DATA SEGMENT.

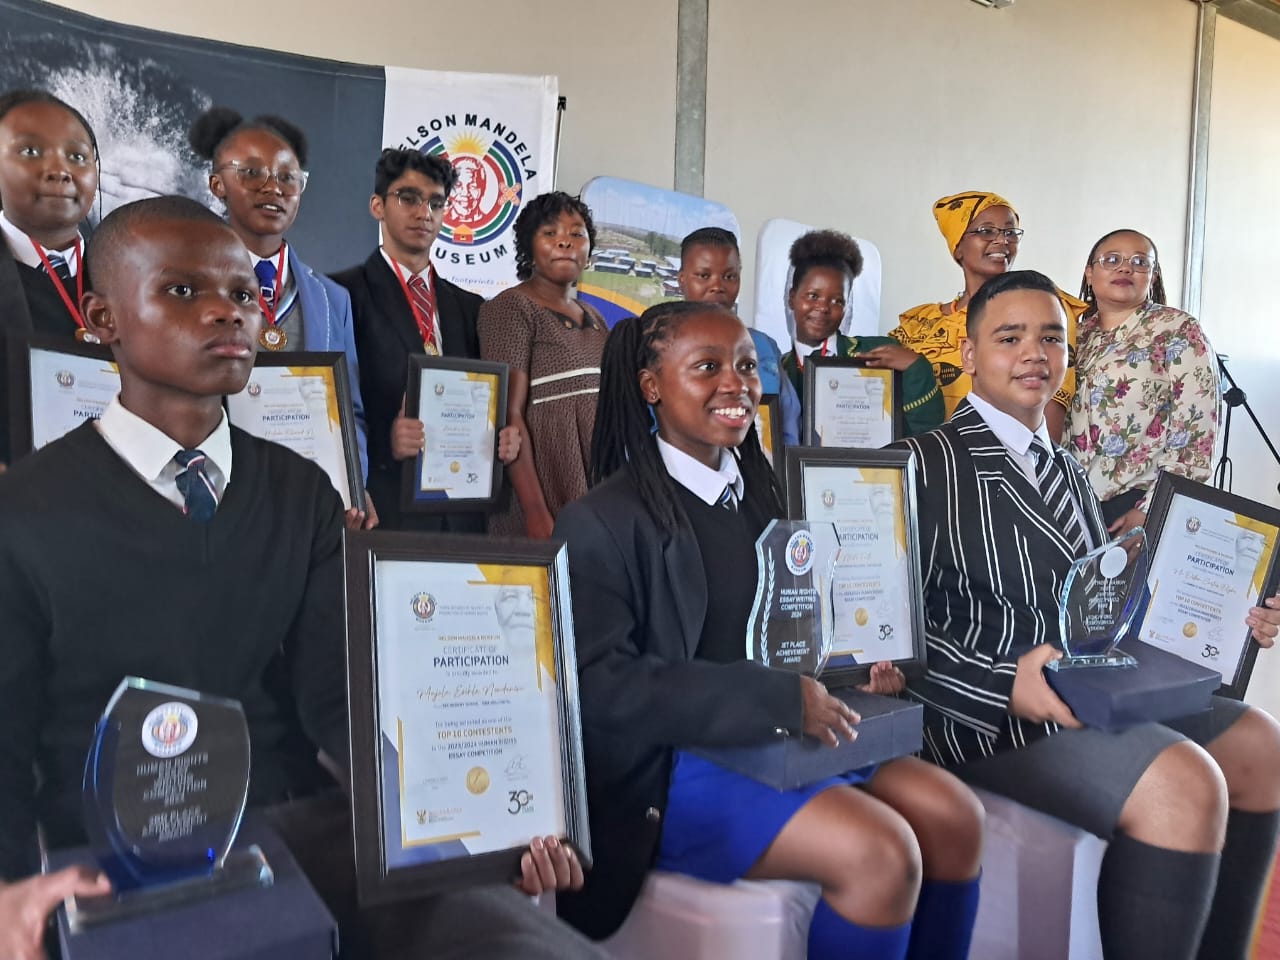 Faith Ntaote National winner of the Nelson Mandela History Essay Competition
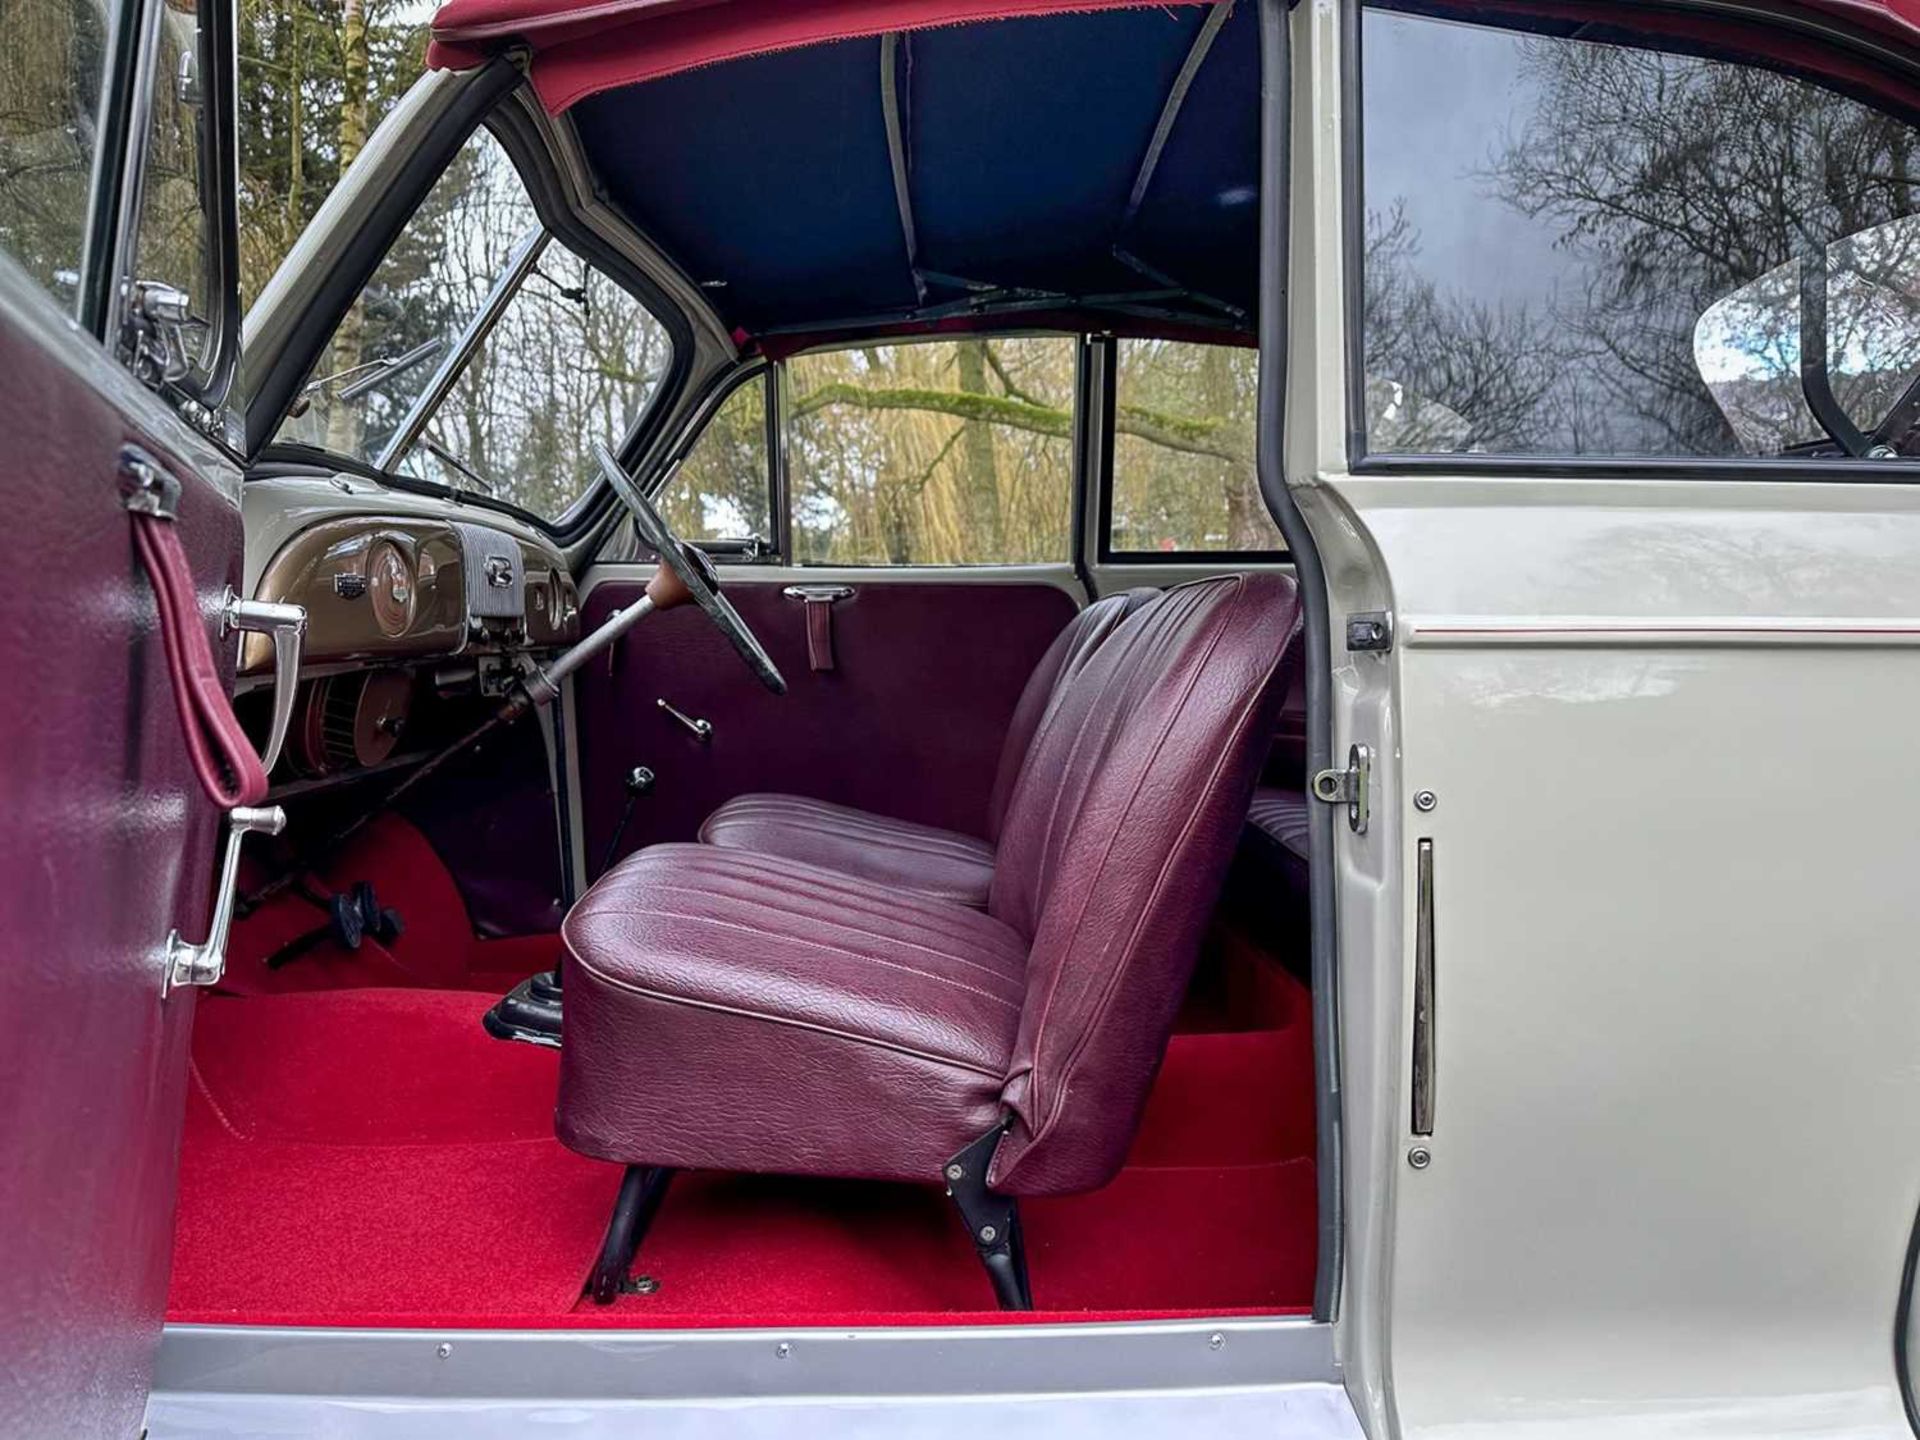 1954 Morris Minor Tourer Fully restored to concours standard - Image 47 of 100
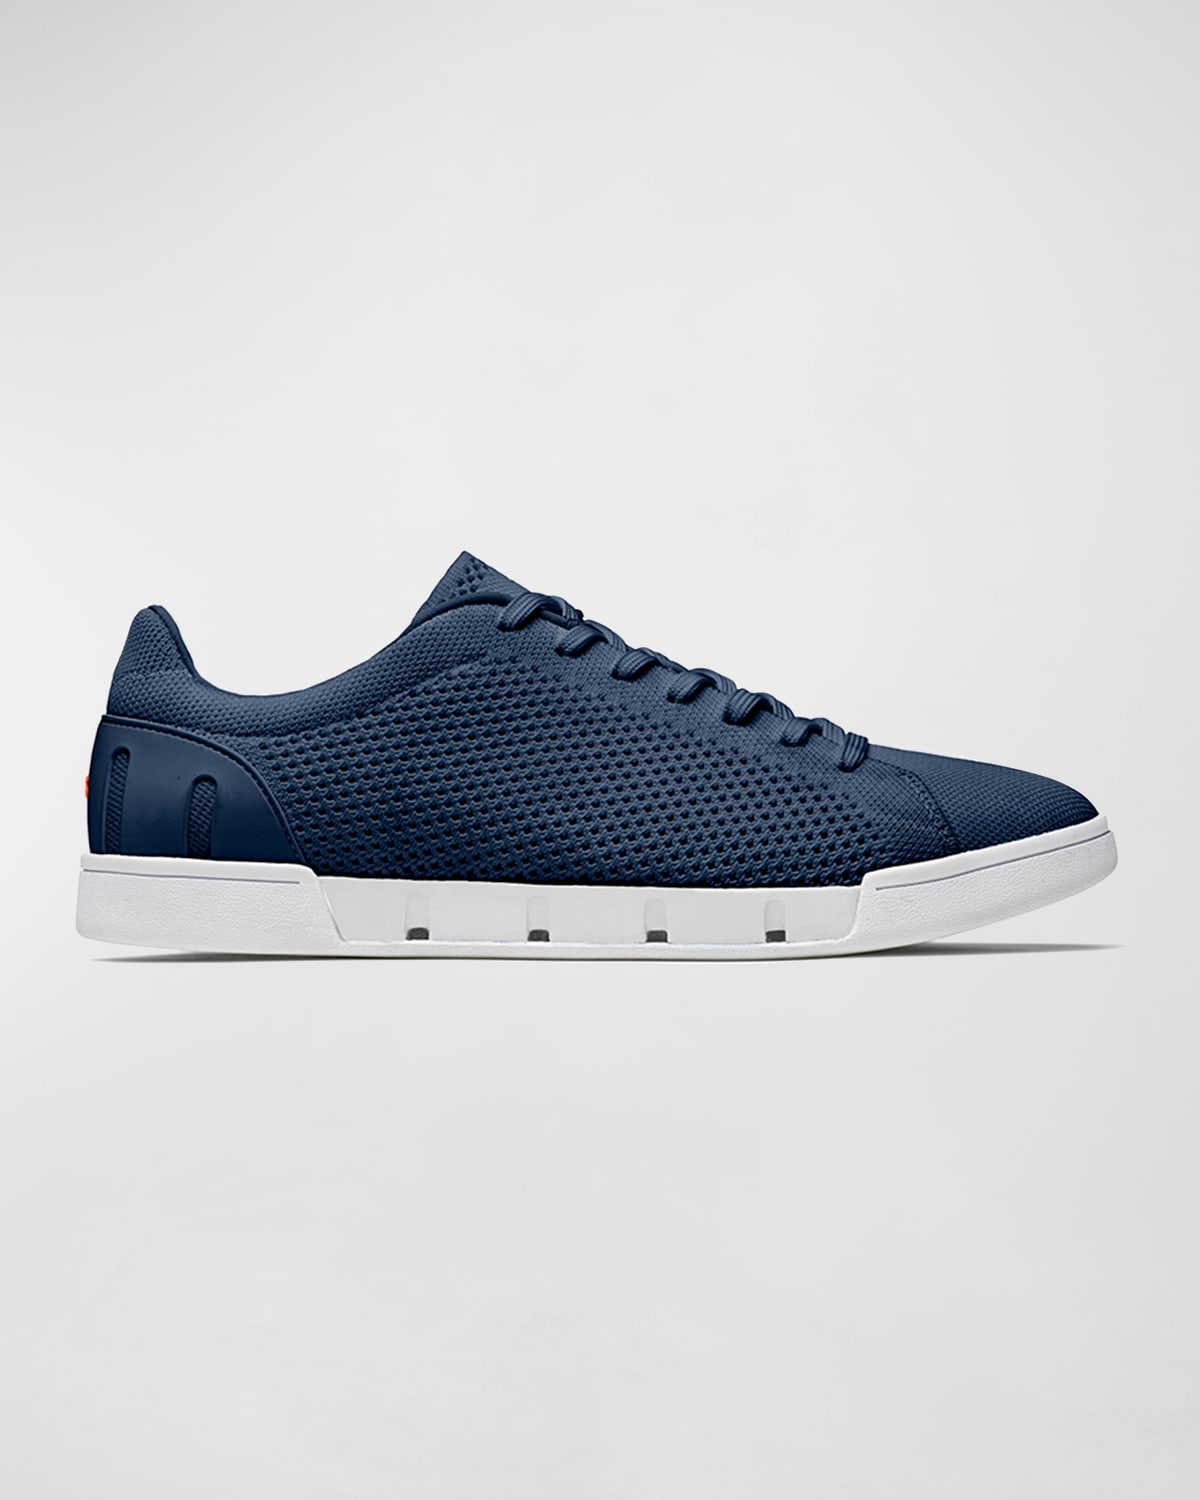 Swims Men's Breeze Knit Trainer Sneakers In Navy/white
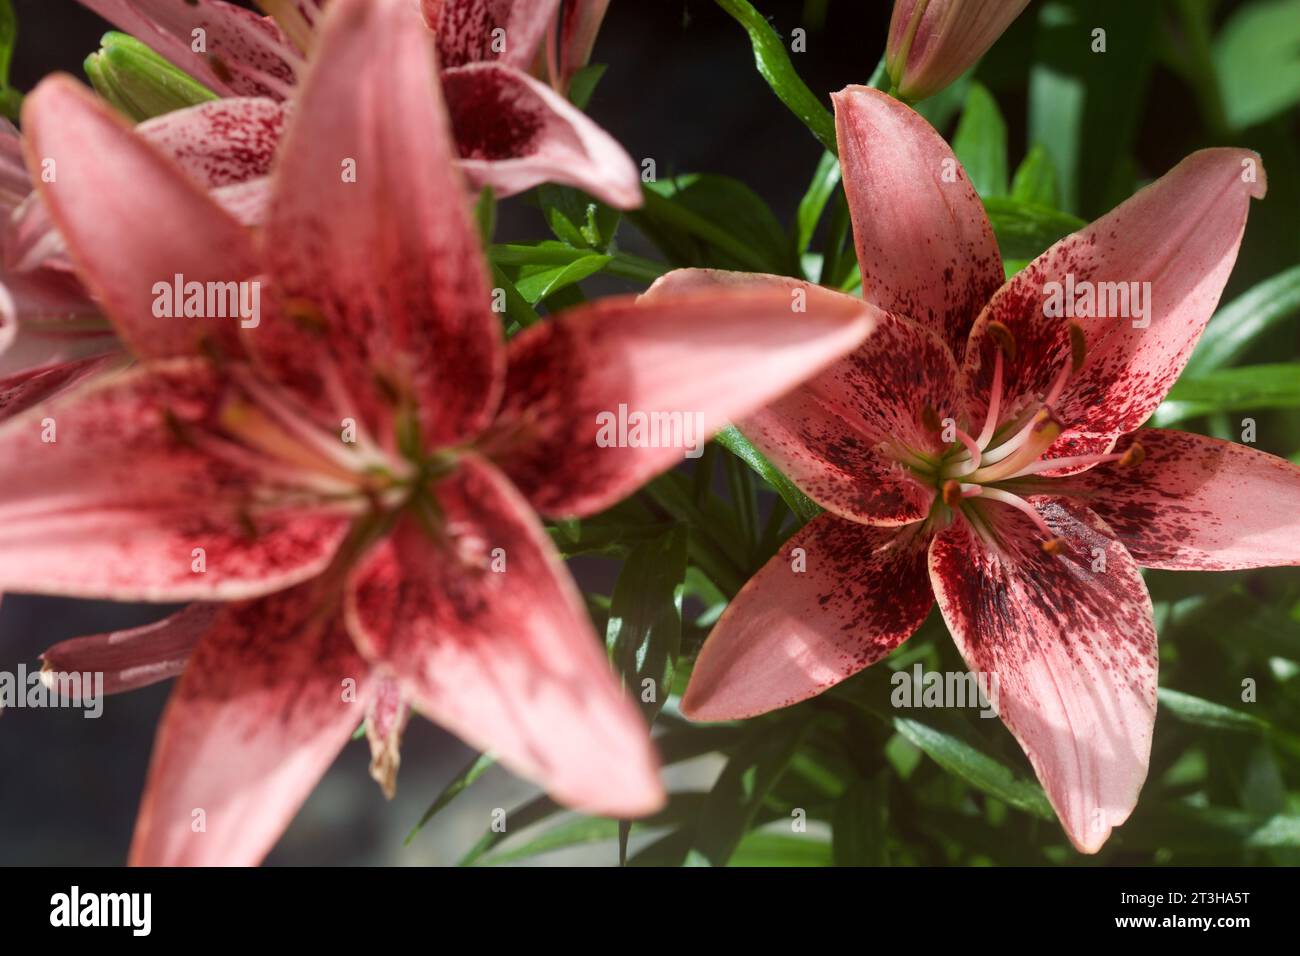 Crimson lilies in bloom seen up close Stock Photo

TASK ITEM. Copy exactly, please, the lines that run from the line holding "Swims Men's Breeze" through the closing line of the material above, omitting every picture.

RESPONSE BOX.
 Swims Men's Breeze Knit Trainer Sneakers In Navy/white
 Crimson lilies in bloom seen up close Stock Photo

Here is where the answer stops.